| WHAT TO PRODUCE |
A set of records appears below. Print them all, word for word.

| RECORDS FOR THIS EXERCISE |
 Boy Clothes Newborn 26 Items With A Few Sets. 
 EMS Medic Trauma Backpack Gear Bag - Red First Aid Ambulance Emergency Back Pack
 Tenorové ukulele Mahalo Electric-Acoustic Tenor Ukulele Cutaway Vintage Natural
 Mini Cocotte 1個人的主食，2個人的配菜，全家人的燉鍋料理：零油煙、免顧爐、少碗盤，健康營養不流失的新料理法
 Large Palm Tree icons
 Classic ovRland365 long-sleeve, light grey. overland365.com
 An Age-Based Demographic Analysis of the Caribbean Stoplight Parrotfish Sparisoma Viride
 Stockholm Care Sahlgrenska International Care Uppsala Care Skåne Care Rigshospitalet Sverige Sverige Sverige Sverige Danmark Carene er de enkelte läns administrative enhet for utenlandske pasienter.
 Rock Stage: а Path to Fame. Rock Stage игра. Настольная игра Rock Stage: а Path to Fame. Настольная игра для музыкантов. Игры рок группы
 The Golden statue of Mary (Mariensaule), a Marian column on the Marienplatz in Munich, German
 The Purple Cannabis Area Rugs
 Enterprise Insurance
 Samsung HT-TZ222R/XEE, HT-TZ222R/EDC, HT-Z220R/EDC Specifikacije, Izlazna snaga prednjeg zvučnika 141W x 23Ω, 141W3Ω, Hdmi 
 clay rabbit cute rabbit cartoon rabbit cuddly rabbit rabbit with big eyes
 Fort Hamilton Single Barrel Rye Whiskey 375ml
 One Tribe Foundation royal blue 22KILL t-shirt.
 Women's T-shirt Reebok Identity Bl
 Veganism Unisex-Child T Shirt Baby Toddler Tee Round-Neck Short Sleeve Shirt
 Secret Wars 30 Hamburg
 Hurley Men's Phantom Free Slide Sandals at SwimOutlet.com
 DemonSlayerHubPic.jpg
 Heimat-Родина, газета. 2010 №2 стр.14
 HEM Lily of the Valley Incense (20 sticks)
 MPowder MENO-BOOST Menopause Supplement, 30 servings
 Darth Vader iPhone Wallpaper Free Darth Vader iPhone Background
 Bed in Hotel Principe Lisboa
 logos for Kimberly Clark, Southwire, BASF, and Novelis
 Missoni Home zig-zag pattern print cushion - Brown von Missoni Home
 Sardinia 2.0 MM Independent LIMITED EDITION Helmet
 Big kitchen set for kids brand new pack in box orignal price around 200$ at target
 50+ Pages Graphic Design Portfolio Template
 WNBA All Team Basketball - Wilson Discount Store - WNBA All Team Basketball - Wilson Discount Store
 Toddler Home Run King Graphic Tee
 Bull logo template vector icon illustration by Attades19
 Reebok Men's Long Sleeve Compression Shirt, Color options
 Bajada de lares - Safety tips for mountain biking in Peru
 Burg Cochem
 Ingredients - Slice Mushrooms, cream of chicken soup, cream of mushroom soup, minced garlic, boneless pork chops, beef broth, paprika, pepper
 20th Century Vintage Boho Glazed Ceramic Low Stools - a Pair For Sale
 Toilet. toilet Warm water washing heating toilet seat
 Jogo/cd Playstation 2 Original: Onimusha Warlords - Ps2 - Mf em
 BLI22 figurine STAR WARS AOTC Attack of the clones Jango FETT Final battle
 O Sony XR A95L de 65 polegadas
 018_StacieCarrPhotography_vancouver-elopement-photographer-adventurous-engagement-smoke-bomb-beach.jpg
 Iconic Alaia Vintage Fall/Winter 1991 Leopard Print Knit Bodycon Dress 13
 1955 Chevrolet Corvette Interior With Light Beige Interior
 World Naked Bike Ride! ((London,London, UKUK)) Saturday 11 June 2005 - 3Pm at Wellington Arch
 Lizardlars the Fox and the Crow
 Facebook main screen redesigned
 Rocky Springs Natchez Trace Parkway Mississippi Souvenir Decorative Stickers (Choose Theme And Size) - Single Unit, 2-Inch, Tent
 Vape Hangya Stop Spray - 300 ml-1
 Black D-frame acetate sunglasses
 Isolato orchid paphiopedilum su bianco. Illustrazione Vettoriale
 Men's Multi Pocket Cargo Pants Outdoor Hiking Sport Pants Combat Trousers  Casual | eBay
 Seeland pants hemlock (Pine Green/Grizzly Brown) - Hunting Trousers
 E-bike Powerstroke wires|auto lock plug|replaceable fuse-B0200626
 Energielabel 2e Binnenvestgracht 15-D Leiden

| EXERCISE RESPONSE |
 Boy Clothes Newborn 26 Items With A Few Sets. 
 EMS Medic Trauma Backpack Gear Bag - Red First Aid Ambulance Emergency Back Pack
 Tenorové ukulele Mahalo Electric-Acoustic Tenor Ukulele Cutaway Vintage Natural
 Mini Cocotte 1個人的主食，2個人的配菜，全家人的燉鍋料理：零油煙、免顧爐、少碗盤，健康營養不流失的新料理法
 Large Palm Tree icons
 Classic ovRland365 long-sleeve, light grey. overland365.com
 An Age-Based Demographic Analysis of the Caribbean Stoplight Parrotfish Sparisoma Viride
 Stockholm Care Sahlgrenska International Care Uppsala Care Skåne Care Rigshospitalet Sverige Sverige Sverige Sverige Danmark Carene er de enkelte läns administrative enhet for utenlandske pasienter.
 Rock Stage: а Path to Fame. Rock Stage игра. Настольная игра Rock Stage: а Path to Fame. Настольная игра для музыкантов. Игры рок группы
 The Golden statue of Mary (Mariensaule), a Marian column on the Marienplatz in Munich, German
 The Purple Cannabis Area Rugs
 Enterprise Insurance
 Samsung HT-TZ222R/XEE, HT-TZ222R/EDC, HT-Z220R/EDC Specifikacije, Izlazna snaga prednjeg zvučnika 141W x 23Ω, 141W3Ω, Hdmi 
 clay rabbit cute rabbit cartoon rabbit cuddly rabbit rabbit with big eyes
 Fort Hamilton Single Barrel Rye Whiskey 375ml
 One Tribe Foundation royal blue 22KILL t-shirt.
 Women's T-shirt Reebok Identity Bl
 Veganism Unisex-Child T Shirt Baby Toddler Tee Round-Neck Short Sleeve Shirt
 Secret Wars 30 Hamburg
 Hurley Men's Phantom Free Slide Sandals at SwimOutlet.com
 DemonSlayerHubPic.jpg
 Heimat-Родина, газета. 2010 №2 стр.14
 HEM Lily of the Valley Incense (20 sticks)
 MPowder MENO-BOOST Menopause Supplement, 30 servings
 Darth Vader iPhone Wallpaper Free Darth Vader iPhone Background
 Bed in Hotel Principe Lisboa
 logos for Kimberly Clark, Southwire, BASF, and Novelis
 Missoni Home zig-zag pattern print cushion - Brown von Missoni Home
 Sardinia 2.0 MM Independent LIMITED EDITION Helmet
 Big kitchen set for kids brand new pack in box orignal price around 200$ at target
 50+ Pages Graphic Design Portfolio Template
 WNBA All Team Basketball - Wilson Discount Store - WNBA All Team Basketball - Wilson Discount Store
 Toddler Home Run King Graphic Tee
 Bull logo template vector icon illustration by Attades19
 Reebok Men's Long Sleeve Compression Shirt, Color options
 Bajada de lares - Safety tips for mountain biking in Peru
 Burg Cochem
 Ingredients - Slice Mushrooms, cream of chicken soup, cream of mushroom soup, minced garlic, boneless pork chops, beef broth, paprika, pepper
 20th Century Vintage Boho Glazed Ceramic Low Stools - a Pair For Sale
 Toilet. toilet Warm water washing heating toilet seat
 Jogo/cd Playstation 2 Original: Onimusha Warlords - Ps2 - Mf em
 BLI22 figurine STAR WARS AOTC Attack of the clones Jango FETT Final battle
 O Sony XR A95L de 65 polegadas
 018_StacieCarrPhotography_vancouver-elopement-photographer-adventurous-engagement-smoke-bomb-beach.jpg
 Iconic Alaia Vintage Fall/Winter 1991 Leopard Print Knit Bodycon Dress 13
 1955 Chevrolet Corvette Interior With Light Beige Interior
 World Naked Bike Ride! ((London,London, UKUK)) Saturday 11 June 2005 - 3Pm at Wellington Arch
 Lizardlars the Fox and the Crow
 Facebook main screen redesigned
 Rocky Springs Natchez Trace Parkway Mississippi Souvenir Decorative Stickers (Choose Theme And Size) - Single Unit, 2-Inch, Tent
 Vape Hangya Stop Spray - 300 ml-1
 Black D-frame acetate sunglasses
 Isolato orchid paphiopedilum su bianco. Illustrazione Vettoriale
 Men's Multi Pocket Cargo Pants Outdoor Hiking Sport Pants Combat Trousers  Casual | eBay
 Seeland pants hemlock (Pine Green/Grizzly Brown) - Hunting Trousers
 E-bike Powerstroke wires|auto lock plug|replaceable fuse-B0200626
 Energielabel 2e Binnenvestgracht 15-D Leiden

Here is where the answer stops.